A lot of people on this forum lament the scarcity of good dogs capable of doing the work (whether that be sport or real life). I agree that most people who are used to a run of the mill pet dog would not be able to handle these dogs. But on the other hand responsible pet owners who discover the intelligence, health, and solid temperaments of these working breeds might want to adjust their lifestyles in order to own a better quality of dog.

Is there a need for more average people to understand and responsibly own these breeds in order to help prevent good quality working dogs from disappearing entirely?

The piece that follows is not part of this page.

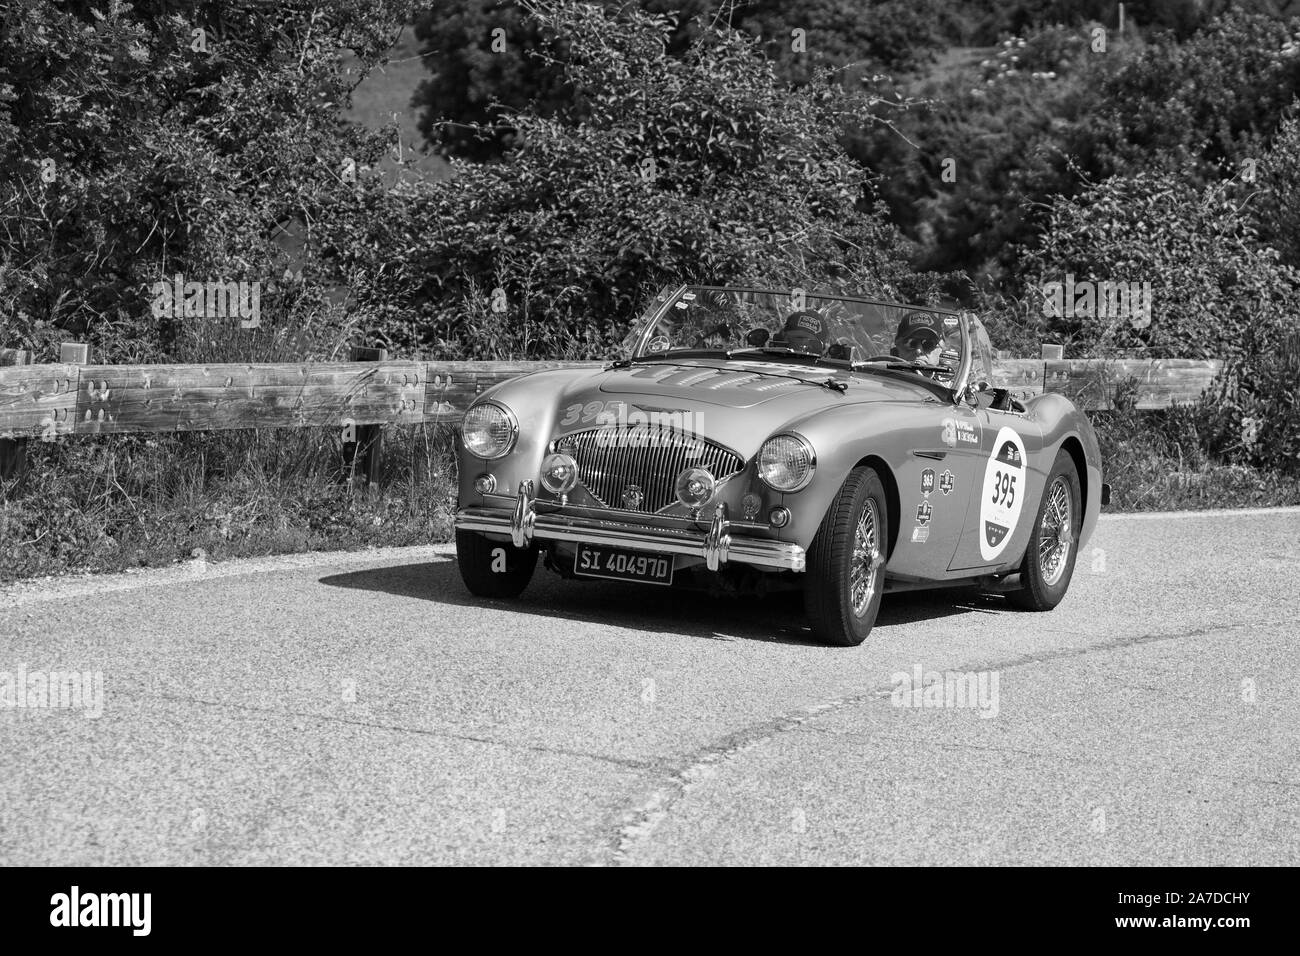 Healey sports car Black and White Stock Photos & Images - Alamy

It seems like the more people who understand and are comfortable with strong working dogs the better.


----------



## Harry Keely

Josh theres nothing wrong with it at all. But in my own opinion people need to better educate themselves than just having to much money and going out and buying on a whim a hard GSD, Mali or Dutchie for that matter. I personally here to many of these stories myself so I can only imagine how many others out there are experiencing this. It would make better sense to go and see these dogs work and go to different kennels to see the parents demeanors first. I totally agree with the more people that understand and are comfortable with these strong dogs the longer the strengths will continue to prevail. Lets make sure as buyers and purchasers of these dogs that we understand what we are getting in to or are selling to do to. There are alot of good dogs that have been put down for one reason or another for the simple fact that they were to good of a dog for their new handler. Or they get bounced around from place to place because instead of understanding them and learning there body language people say f**k it I'm getting reid of this dam dog. Thats not right to the dog either!!!




Josh Smith said:


> A lot of people on this forum lament the scarcity of good dogs capable of doing the work (whether that be sport or real life). I agree that most people who are used to a run of the mill pet dog would not be able to handle these dogs. But on the other hand responsible pet owners who discover the intelligence, health, and solid temperaments of these working breeds might want to adjust their lifestyles in order to own a better quality of dog.
> 
> Is there a need for more average people to understand and responsibly own these breeds in order to help prevent good quality working dogs from disappearing entirely?
> 
> It seems like the more people who understand and are comfortable with strong working dogs the better.


----------



## Dennis Jones

Harry Keely said:


> I have to agree with Mike & Sue. Why even phantom the idea of putting a working pup into a pet home. That is just F***ing ludacris. We have tried it 3x's and 3 strikes your out and we are out of selling working dogs to a pet fringing home. As far as what Sue said about her daughter knowing more than most adults, I could not agree anymore with her. There is way to many people wanting malis and dutchies because of here say then get them and are like " which way did they go george ". These days to many idiots out there and anyone that breeds these dogs including myself need to be real careful to who gets them. Two of the three were a mali and dutchie adult and both got bitten in the first week of having them. While they were here both were in my house while finishing training with me, my wife a 3 year old son and never had a fringing problem with aggresion control. Never fringing again will I sell one of these breeds to a pet home. Well I'm done and now getting of my soap box. :-\"


 
Don't think I'd want a Dutchie or a Mali. They all remind me of Hannibal Lector:twisted:


----------



## Harry Keely

GSD's fall into working class dogs to. Look at Mike Suttles present and past GSD's. There probally harder and better than most peoples mali's or dutchies. Same rule applies to hard stricken GSD too.:-k




Dennis Jones said:


> Don't think I'd want a Dutchie or a Mali. They all remind me of Hannibal Lector:twisted:


----------



## Dennis Jones

Harry Keely said:


> GSD's fall into working class dogs to. Look at Mike Suttles present and past GSD's. There probally harder and better than most peoples mali's or dutchies. Same rule applies to hard stricken GSD too.:-k


 
Oh I know that, I just like giving the Mali and Dutchies ppl a hard time;-)


----------



## Sue DiCero

Cara does not really know more, but she sees what is going on and asks. Not clouded by perception; her world is black and white. 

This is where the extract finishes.